The challenge came on November 2 within days of the reassembling of Parliament. Mr Gordon Walker, a former minister in the Labour government, asked difficult questions. How was it no one noticed Vassall’s extravagant style of living? Why did the charges against him not relate to the period when he worked in the office of the Civil Lord? Was it normal for a junior clerk to take confidential papers to the minister in Scotland? Did he have a key to the box in which he carried the confidential papers? If he did how did he acquire it? These were some of the questions he and other MPs pressed.

The Defence Minister’s reply has been described here as flippant. Everyone lived beyond his means these days, he said, and added that men would not be employed as spies if it was easy to catch them. Similarly one could not tell from a man’s face that he was a homosexual. It was no crime for the junior minister to visit his flat and to invite him to lunch when he carried secret papers to Scotland.

The matter would have rested there till at least the officials had completed the inquiry if the Labour party had not gained some new information. The information related to the letters the minister and his wife had written to Vassall. On Tuesday last the Deputy Labour leader, Mr George Brown, dropped the bombshell. He said: “This is a matter which involves ministers.
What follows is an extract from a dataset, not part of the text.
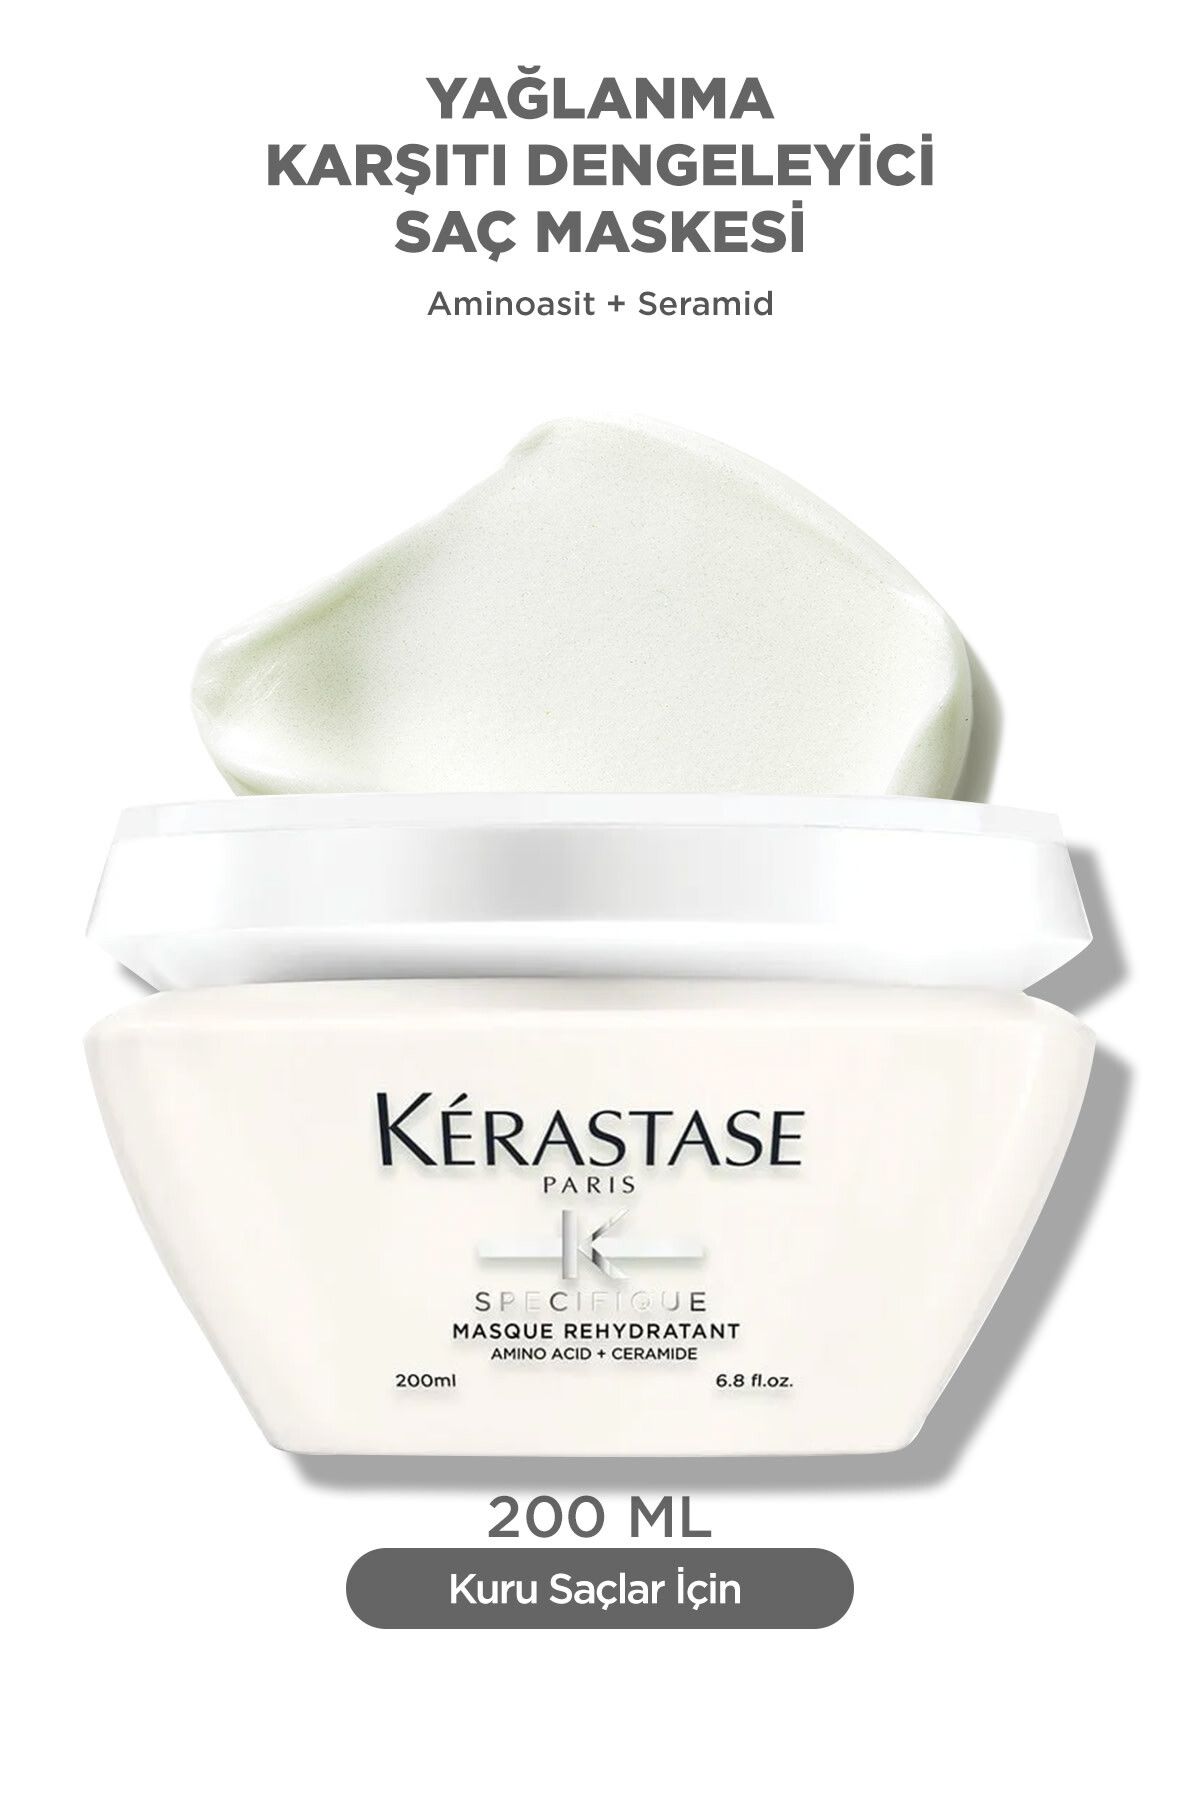 Kerastase Specifique Masque Rehydratant Yağlanma Karşıtı Dengeleyici Jel Yapılı Maske 200 ml

Is he (Mr Macmillan) willing to discuss with us the evidence which he and we know to be available and discuss with us what we should do about it, or does he wish it to be open to the public in the House?”

Mr Macmillan responded to the challenge by publishing the “My dear Vassall” letters with an interim report from the inquiry committee that “we have not yet seen Mr Galbraith in connection with our investigations and we have many inquiries still to make. Prima facie, however, the letters in themselves do not appear to us to contain any implication of a relationship constituting a security risk”. This does not answer the question that the relationship was so close that it casts doubt on the minister’s “judgment”. Names of Burgess and Maclean are being freely mentioned in private discussions of this unsavoury business.